Work order >> The pictures stay out. Please retype every line below exactly.

Raw data >>
== Segment start ==

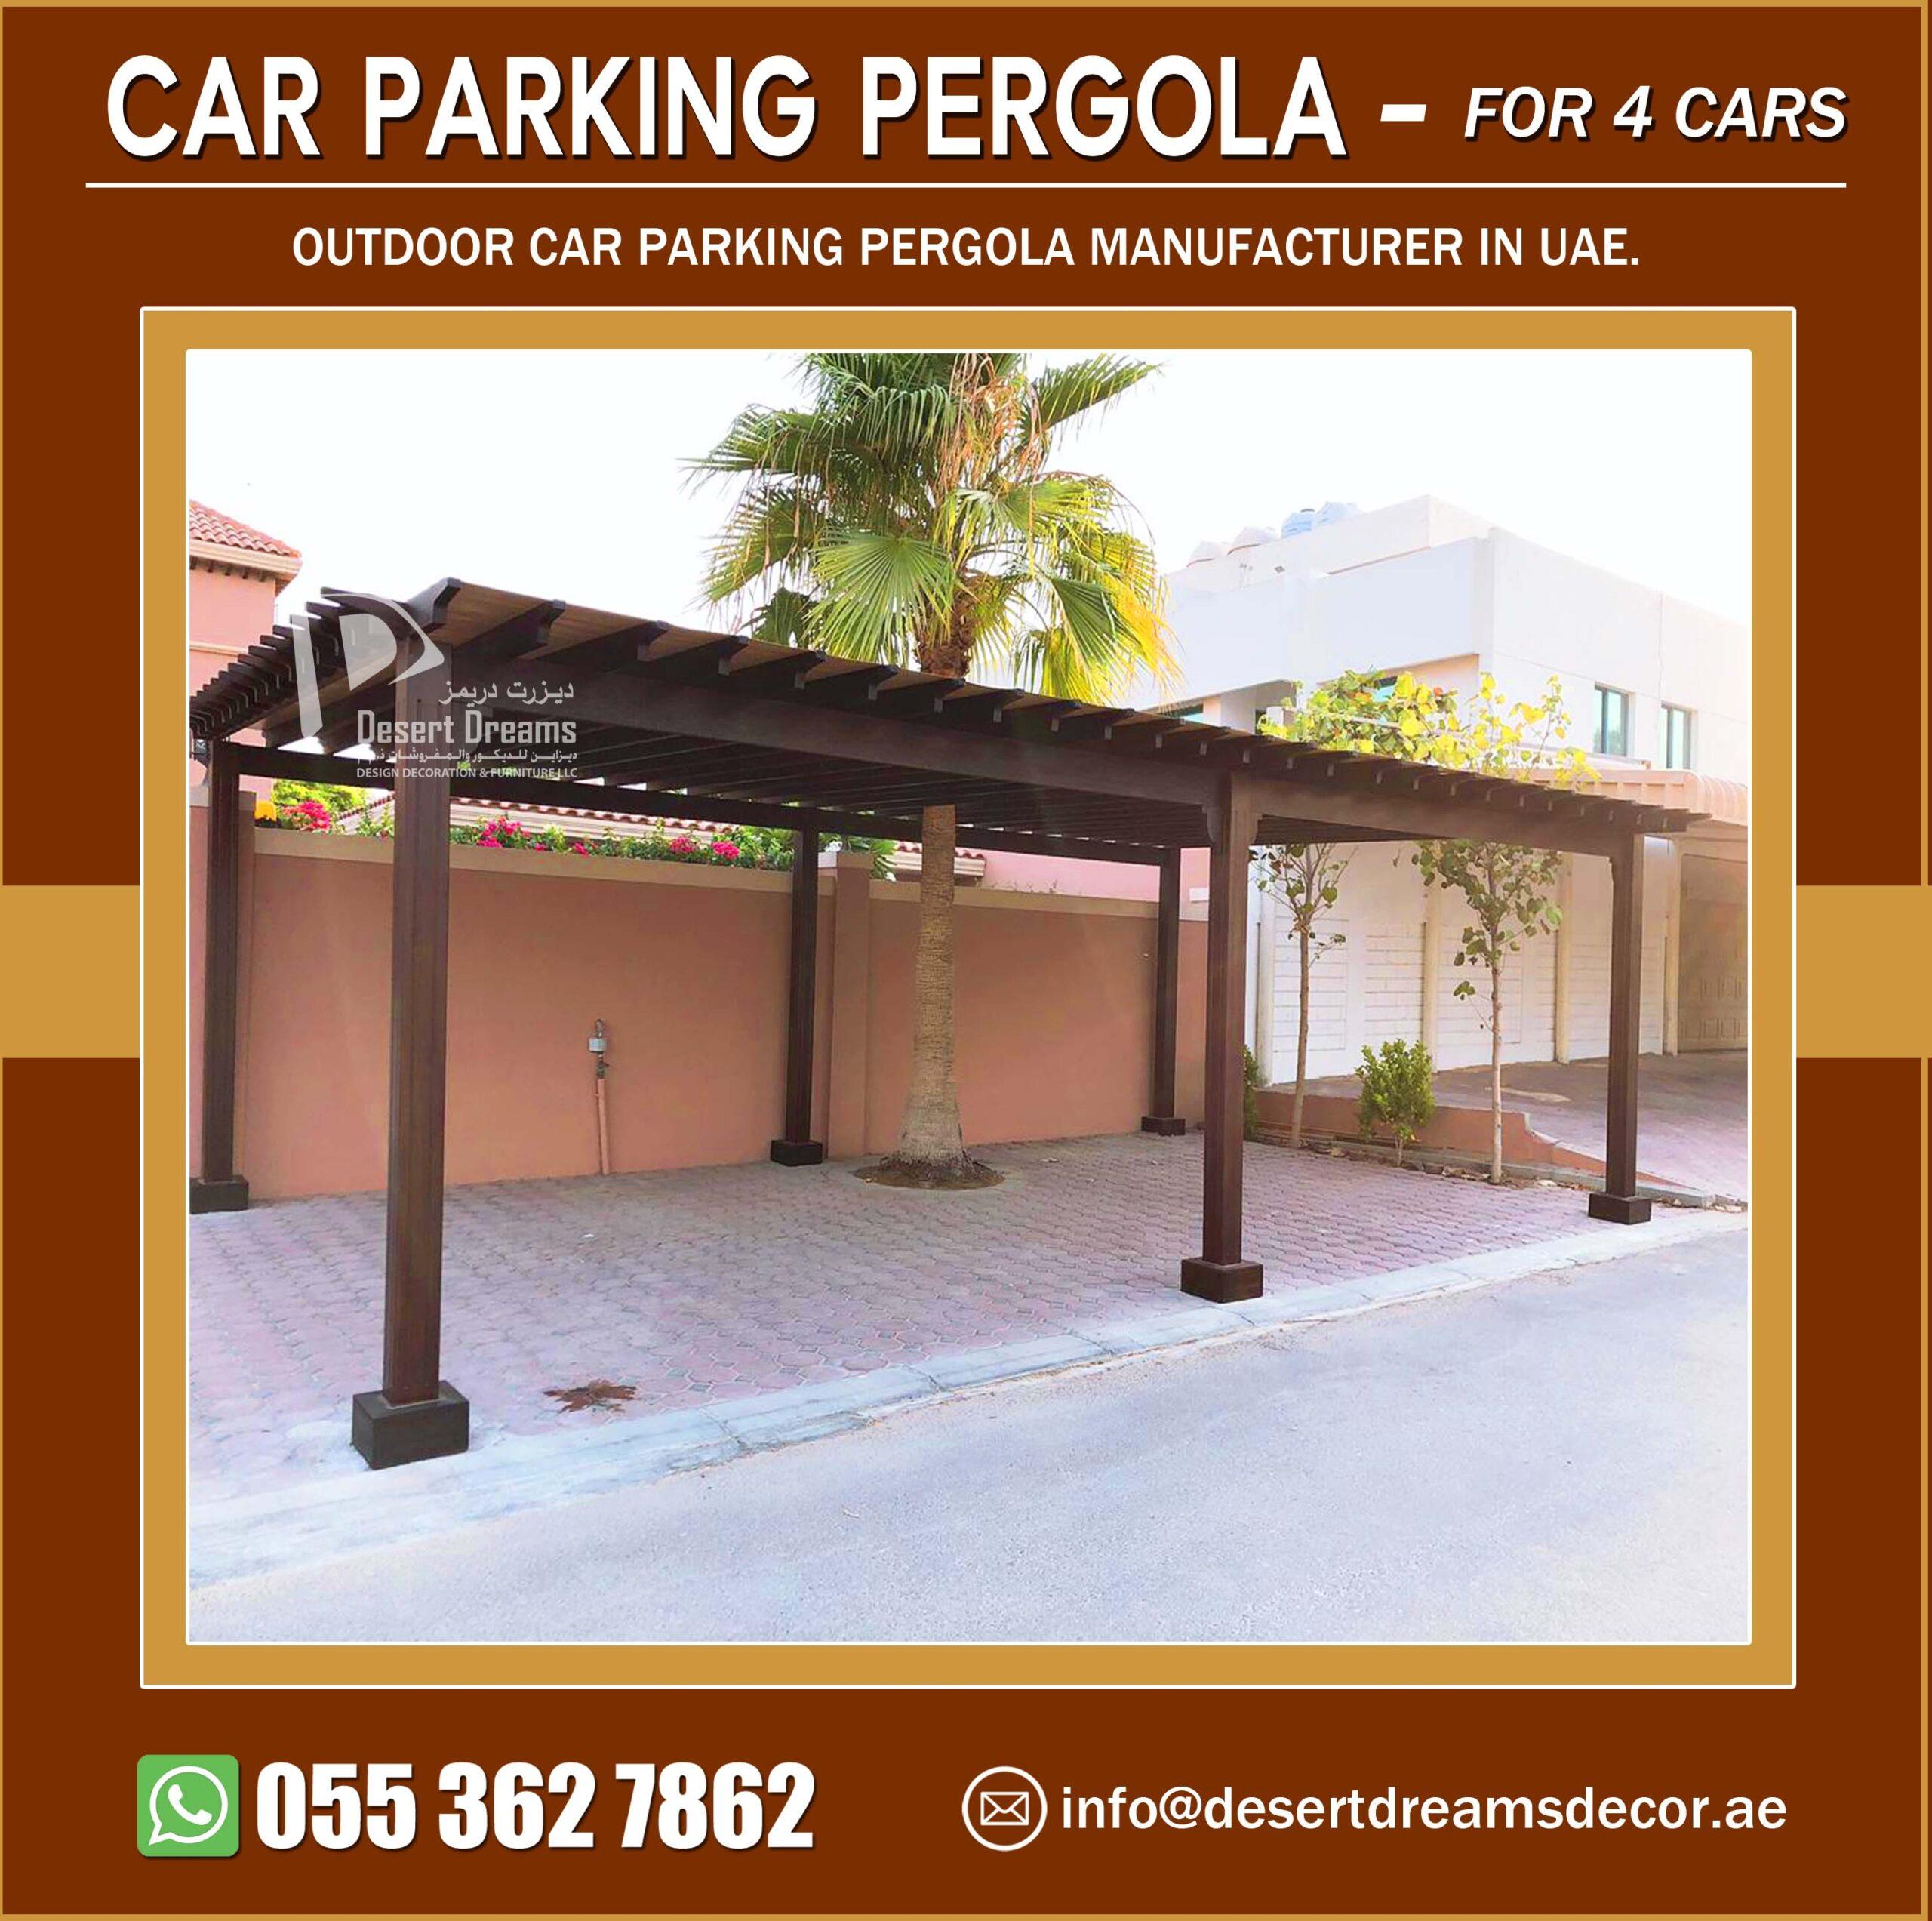 Four Cars Parking Pergola Manufacturer in UAE.jpg
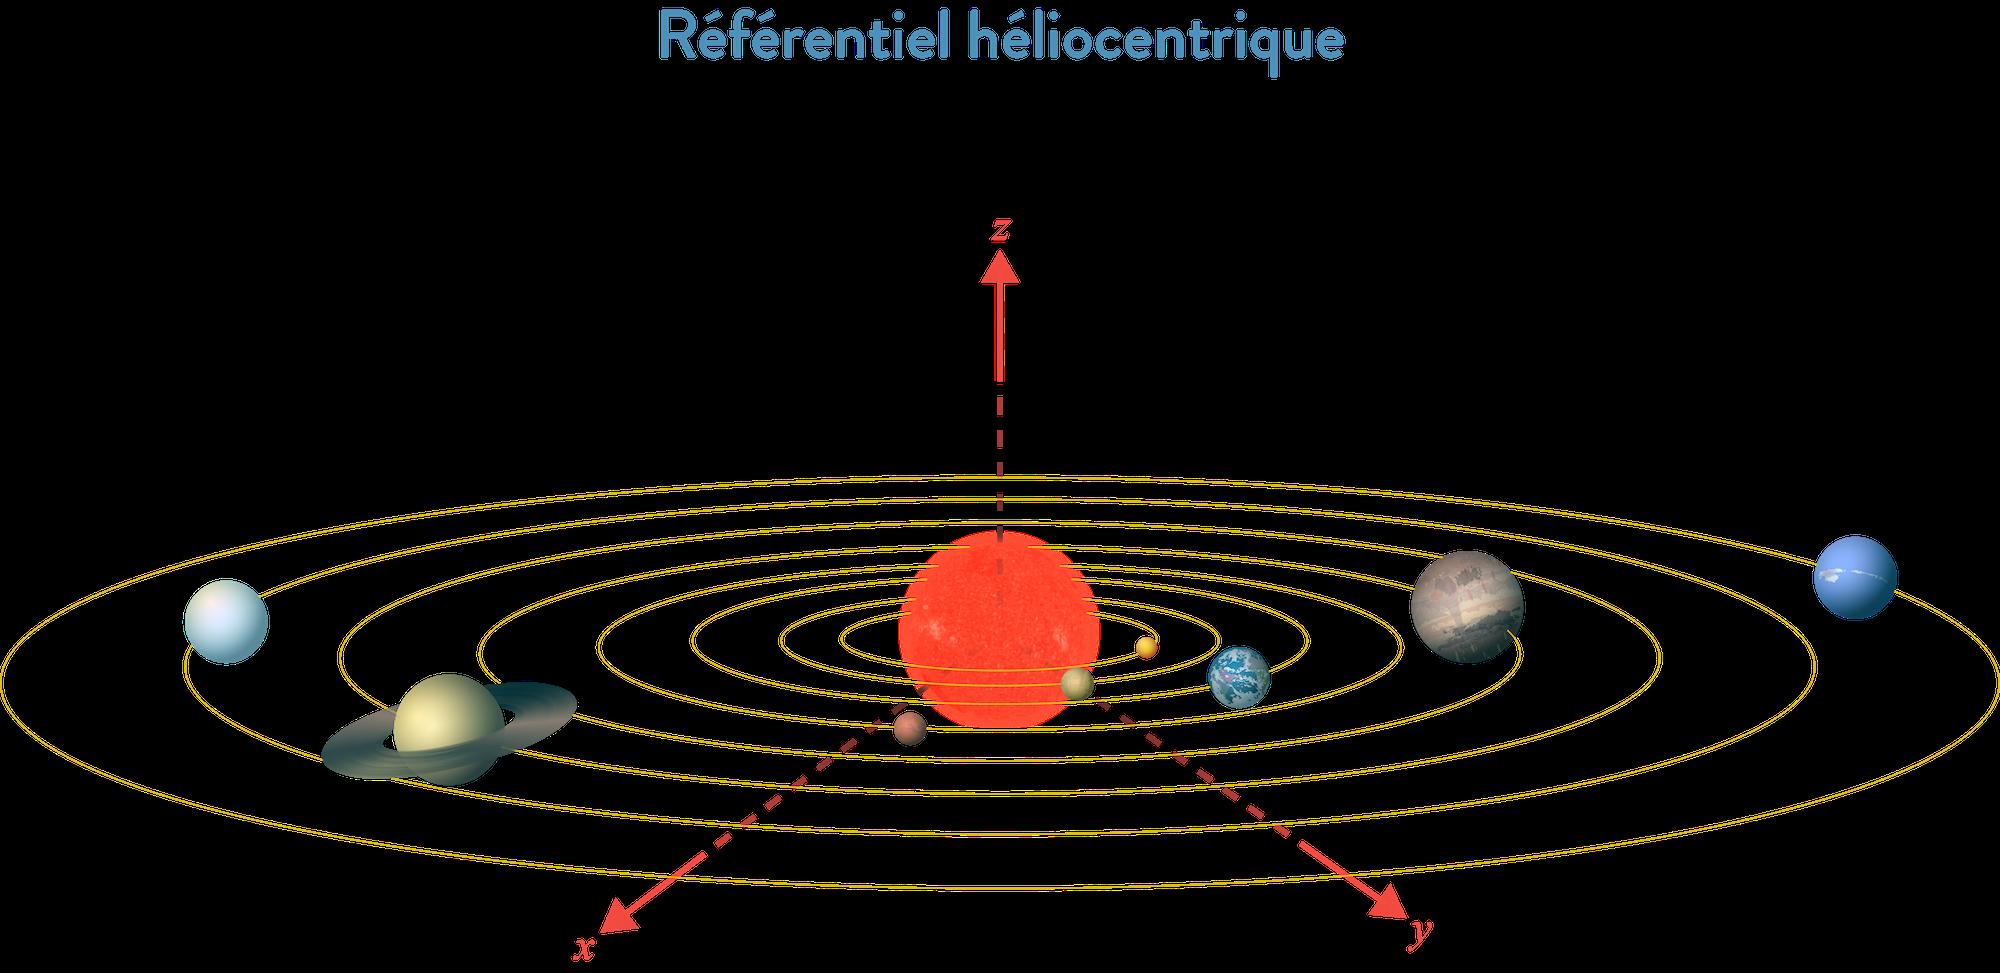 Référentiel héliocentrique 2nde
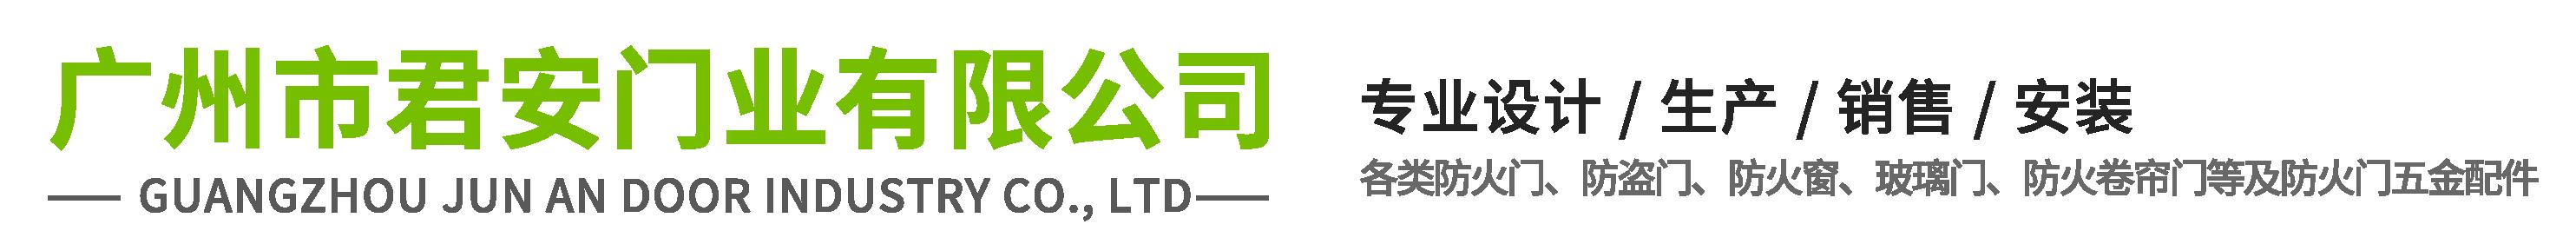 广州市君安门业有限公司
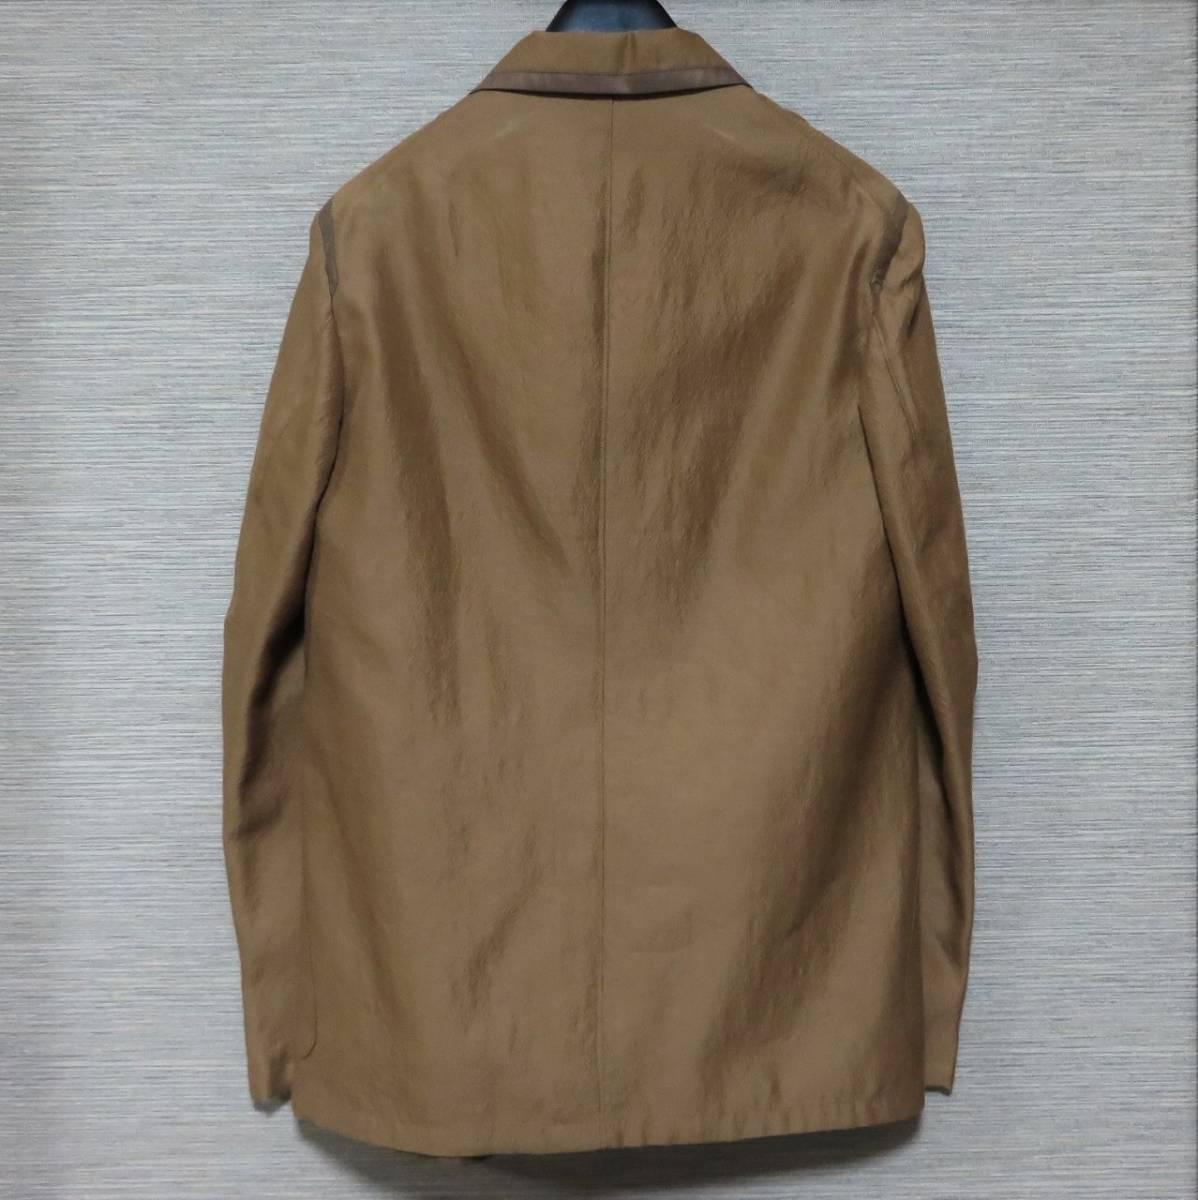 即決 新品 m's braque ウール シルク パイピング ジャケット 38 ブラウン 日本製 エムズブラック メンズ ms 1LDK_画像4

== Segment end ==

Response to this task >>
 Four Cars Parking Pergola Manufacturer in UAE.jpg
 Référentiel héliocentrique 2nde
 广州市君安门业有限公司
 即決 新品 m's braque ウール シルク パイピング ジャケット 38 ブラウン 日本製 エムズブラック メンズ ms 1LDK_画像4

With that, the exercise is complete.